Suave conman who swindled blind widow out of home is tracked down
Scotland Yard seeking extradition from Germany of fraudster Mogens Hauschildt
When charming conman and bon vivant Mogens Hauschildt fled Britain for the Côte d’Azur, ahead of his trial for swindling a blind widow out of her home and fortune, he wrote to his lawyer saying: “I simply can’t bear to be locked up.”
Three years later, after a manhunt around Europe, that is the fate now awaiting him.
The Danish financial adviser, who was convicted in his absence in 2009 of a catalogue of deception and theft charges that left his 90-year-old victim facing destitution, has been finally tracked down. He had given up his luxurious existence on the French Riviera – immortalised by Somerset Maugham as a “sunny place for shady people” – and was hiding out in Germany.
The arrest of the 71-year-old fraudster near the picturesque town of Goslar, near Hamburg, will come as a relief to officers at Scotland Yard, who saw Hauschildt freed from their custody on the orders of a High Court judge prior to his conviction and thereafter had to chase him across Europe as he repeatedly failed to turn up for interviews and court hearings.

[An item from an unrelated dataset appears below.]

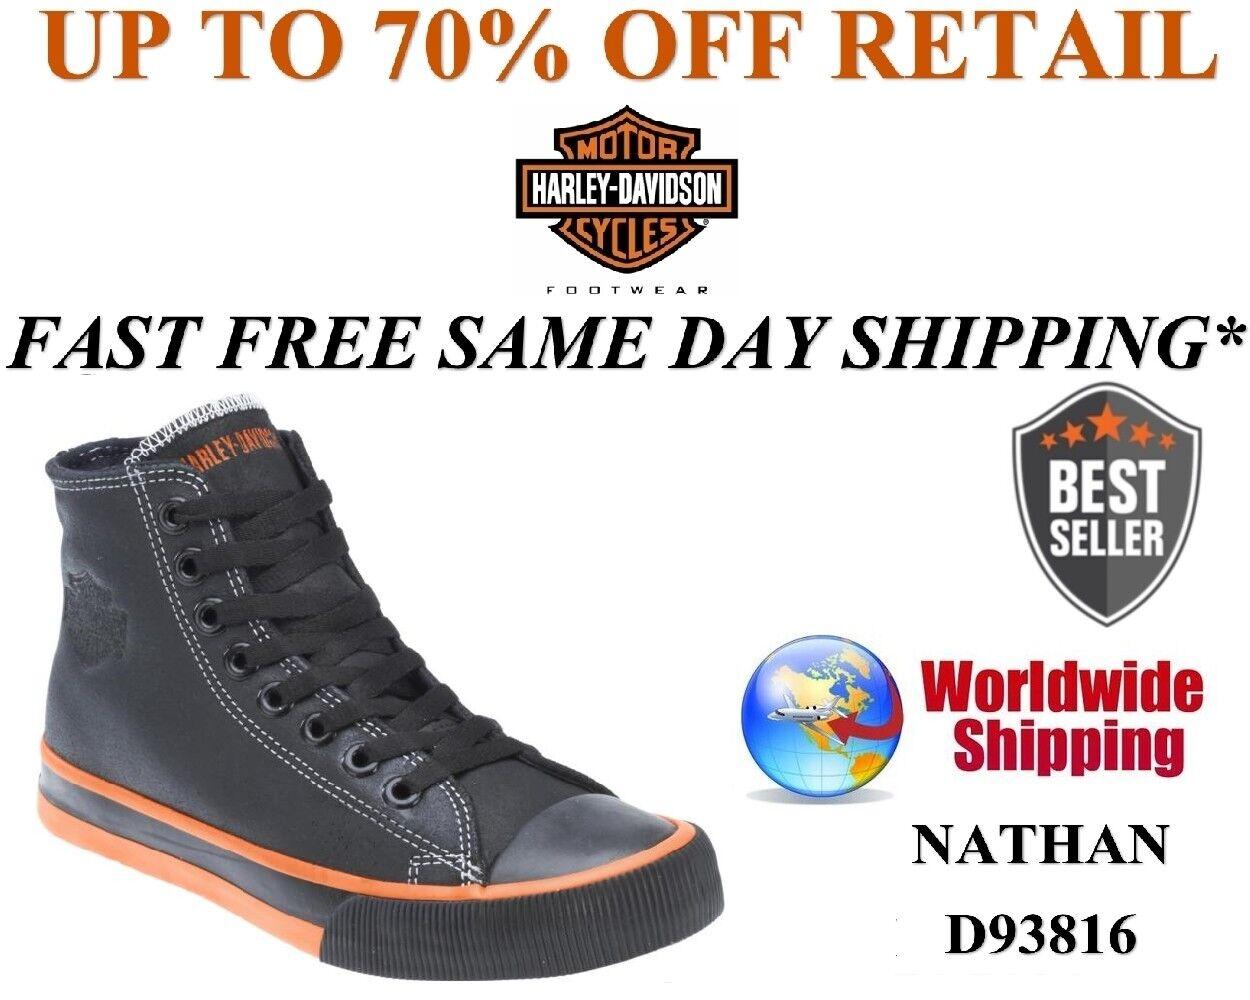 Harley-Davidson D93816 Mens Nathan Black Hi-Top Sneakers shoes

The serving of a European Arrest Warrant on the septuagenarian con artist, who claims to have known celebrities including John Lennon and now faces a lengthy prison term in Britain, draws a line under a string of offences which saw him target wealthy elderly victims, including Pamela Schutzmann, the widow of a London jeweller.
Mrs Schutzmann, who had jewellery and belongings worth £400,000 taken by Hauschildt as well as being duped into surrendering her £800,000 north London home, and is registered blind, today told The Independent she was relieved that the conman is behind bars. She was handed back custody of her house shortly before Christmas but has yet to see the money or valuables.
“I am pleased that they have finally caught up with him,” she said. “It has been a long, long wait. This man wormed his way into my life and gained my trust, only to then steal, literally from under my nose. I cannot see well and he helped himself to jewellery in my own home.
“I am 90 years old and I did not expect to spend my final days trying to secure my own home, my own belongings and worrying that he would one day turn up again. He even managed to change the locks to my own house.”
Hauschildt, who was jailed for five years in his native Denmark in the 1980s for a commercial fraud, had inveigled his way into Mrs Schutzmann’s confidence after he started a relationship with her former au pair, Romana Labunski, who died in 2008. Hauschildt claimed that Mrs Schutzmann was the victim of a burglary during a visit by her to his French villa in 2005 and listed nearly £60,000 worth of jewellery, including a £15,000 watch and a £10,000 Cartier-style necklace, in a report to local gendarmes.
During his trial at Wood Green Crown Court in London, jurors were told Hauschildt persuaded the widow to make him her financial adviser, remortgaging her home and then transferring it to his own Panamanian company.
Hauschildt, who set up a website professing his innocence of the charges, is nonetheless unlikely to see the inside of a British prison soon as he is contesting his extradition from Germany.